- Material for the task -
"""

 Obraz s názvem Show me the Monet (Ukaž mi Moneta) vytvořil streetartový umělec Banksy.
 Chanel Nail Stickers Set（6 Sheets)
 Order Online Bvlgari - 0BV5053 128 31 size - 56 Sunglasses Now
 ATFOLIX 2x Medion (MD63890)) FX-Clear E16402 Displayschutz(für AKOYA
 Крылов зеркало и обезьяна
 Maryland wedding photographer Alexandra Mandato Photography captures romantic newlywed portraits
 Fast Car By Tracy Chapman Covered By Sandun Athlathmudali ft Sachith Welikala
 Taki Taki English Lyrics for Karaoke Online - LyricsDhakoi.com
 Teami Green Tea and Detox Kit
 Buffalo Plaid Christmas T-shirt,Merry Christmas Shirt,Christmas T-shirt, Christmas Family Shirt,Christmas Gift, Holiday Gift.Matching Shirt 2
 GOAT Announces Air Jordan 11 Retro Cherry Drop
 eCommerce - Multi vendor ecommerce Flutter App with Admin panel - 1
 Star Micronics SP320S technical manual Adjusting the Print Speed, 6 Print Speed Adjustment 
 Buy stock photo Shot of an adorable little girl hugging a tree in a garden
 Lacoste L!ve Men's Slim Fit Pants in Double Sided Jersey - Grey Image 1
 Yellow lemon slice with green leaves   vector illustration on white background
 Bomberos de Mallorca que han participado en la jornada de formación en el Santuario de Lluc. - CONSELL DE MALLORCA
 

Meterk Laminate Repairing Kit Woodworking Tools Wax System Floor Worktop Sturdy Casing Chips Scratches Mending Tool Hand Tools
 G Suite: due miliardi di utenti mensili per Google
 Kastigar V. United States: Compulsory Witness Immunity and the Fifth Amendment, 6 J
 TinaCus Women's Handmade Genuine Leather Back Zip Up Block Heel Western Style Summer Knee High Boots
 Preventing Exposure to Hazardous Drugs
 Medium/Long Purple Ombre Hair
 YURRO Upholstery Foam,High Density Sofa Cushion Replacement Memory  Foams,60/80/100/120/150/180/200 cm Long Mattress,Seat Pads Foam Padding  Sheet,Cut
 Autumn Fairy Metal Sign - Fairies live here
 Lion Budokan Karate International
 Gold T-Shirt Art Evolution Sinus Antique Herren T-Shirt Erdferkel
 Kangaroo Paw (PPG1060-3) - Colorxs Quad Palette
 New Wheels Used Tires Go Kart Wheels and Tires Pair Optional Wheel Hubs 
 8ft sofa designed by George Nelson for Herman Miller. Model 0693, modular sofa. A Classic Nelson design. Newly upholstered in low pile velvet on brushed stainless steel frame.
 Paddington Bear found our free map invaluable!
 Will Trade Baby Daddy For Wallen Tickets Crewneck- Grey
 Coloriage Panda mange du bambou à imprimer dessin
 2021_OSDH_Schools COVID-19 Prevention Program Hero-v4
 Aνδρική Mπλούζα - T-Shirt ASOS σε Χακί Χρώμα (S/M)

"""

- What is needed -
Transcribe each entry word for word.

- Exercise response -
 Obraz s názvem Show me the Monet (Ukaž mi Moneta) vytvořil streetartový umělec Banksy.
 Chanel Nail Stickers Set（6 Sheets)
 Order Online Bvlgari - 0BV5053 128 31 size - 56 Sunglasses Now
 ATFOLIX 2x Medion (MD63890)) FX-Clear E16402 Displayschutz(für AKOYA
 Крылов зеркало и обезьяна
 Maryland wedding photographer Alexandra Mandato Photography captures romantic newlywed portraits
 Fast Car By Tracy Chapman Covered By Sandun Athlathmudali ft Sachith Welikala
 Taki Taki English Lyrics for Karaoke Online - LyricsDhakoi.com
 Teami Green Tea and Detox Kit
 Buffalo Plaid Christmas T-shirt,Merry Christmas Shirt,Christmas T-shirt, Christmas Family Shirt,Christmas Gift, Holiday Gift.Matching Shirt 2
 GOAT Announces Air Jordan 11 Retro Cherry Drop
 eCommerce - Multi vendor ecommerce Flutter App with Admin panel - 1
 Star Micronics SP320S technical manual Adjusting the Print Speed, 6 Print Speed Adjustment 
 Buy stock photo Shot of an adorable little girl hugging a tree in a garden
 Lacoste L!ve Men's Slim Fit Pants in Double Sided Jersey - Grey Image 1
 Yellow lemon slice with green leaves   vector illustration on white background
 Bomberos de Mallorca que han participado en la jornada de formación en el Santuario de Lluc. - CONSELL DE MALLORCA
 

Meterk Laminate Repairing Kit Woodworking Tools Wax System Floor Worktop Sturdy Casing Chips Scratches Mending Tool Hand Tools
 G Suite: due miliardi di utenti mensili per Google
 Kastigar V. United States: Compulsory Witness Immunity and the Fifth Amendment, 6 J
 TinaCus Women's Handmade Genuine Leather Back Zip Up Block Heel Western Style Summer Knee High Boots
 Preventing Exposure to Hazardous Drugs
 Medium/Long Purple Ombre Hair
 YURRO Upholstery Foam,High Density Sofa Cushion Replacement Memory  Foams,60/80/100/120/150/180/200 cm Long Mattress,Seat Pads Foam Padding  Sheet,Cut
 Autumn Fairy Metal Sign - Fairies live here
 Lion Budokan Karate International
 Gold T-Shirt Art Evolution Sinus Antique Herren T-Shirt Erdferkel
 Kangaroo Paw (PPG1060-3) - Colorxs Quad Palette
 New Wheels Used Tires Go Kart Wheels and Tires Pair Optional Wheel Hubs 
 8ft sofa designed by George Nelson for Herman Miller. Model 0693, modular sofa. A Classic Nelson design. Newly upholstered in low pile velvet on brushed stainless steel frame.
 Paddington Bear found our free map invaluable!
 Will Trade Baby Daddy For Wallen Tickets Crewneck- Grey
 Coloriage Panda mange du bambou à imprimer dessin
 2021_OSDH_Schools COVID-19 Prevention Program Hero-v4
 Aνδρική Mπλούζα - T-Shirt ASOS σε Χακί Χρώμα (S/M)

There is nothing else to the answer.